Must incorporate to prevail over the competition; can wisely choose the segment(s) to target; and is skilled at designing an effective go-to-market approach and accompanying communications. When I hear it, it sounds very familiar because it is strategy: where to play / how Finland Telemarketing Data to win (WTP / HTW). This is not surprising because during the late 20th century marketing and strategy began the process of converging and are now indistinguishable, so Silicon Valley's view is not wrong: product marketing is strategy . This is why I published my 28th post in the Playing to Win / Practitioner Insights series It's time to accept that marketing and strategy are one discipline. How the hell did this happen? Marketing began as a formal discipline focused on the customer and the company. In the early 20th century, his primary concern was customer segmentation.

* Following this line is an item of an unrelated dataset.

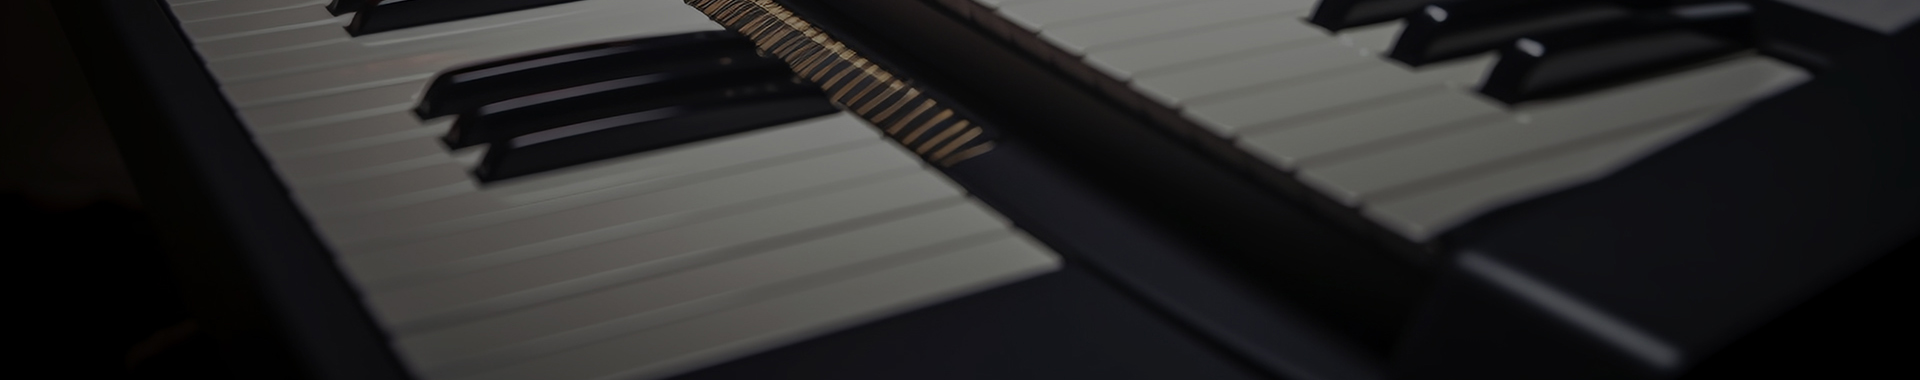 88 Keys Electronic Piano Keyboard PH88S MIDI Output Built-in Speakers Beginner

Early marketers sought to create meaningful categories, primarily the socioeconomic categories of the time, to help companies better target their products. Segmentation of this kind guided General Motors to develop "a car for every purse and purpose." In the 1920s, marketers developed customer research methodologies to help companies better understand their customers. In 1960, Jerome McCarthy created the Four Ps model, the "marketing mix" of product, price, place and promotion, which helped companies plan how to use their resources to encourage customers to purchase their offerings. As a discipline, the focus was on the customer and the company, and the interactions between them.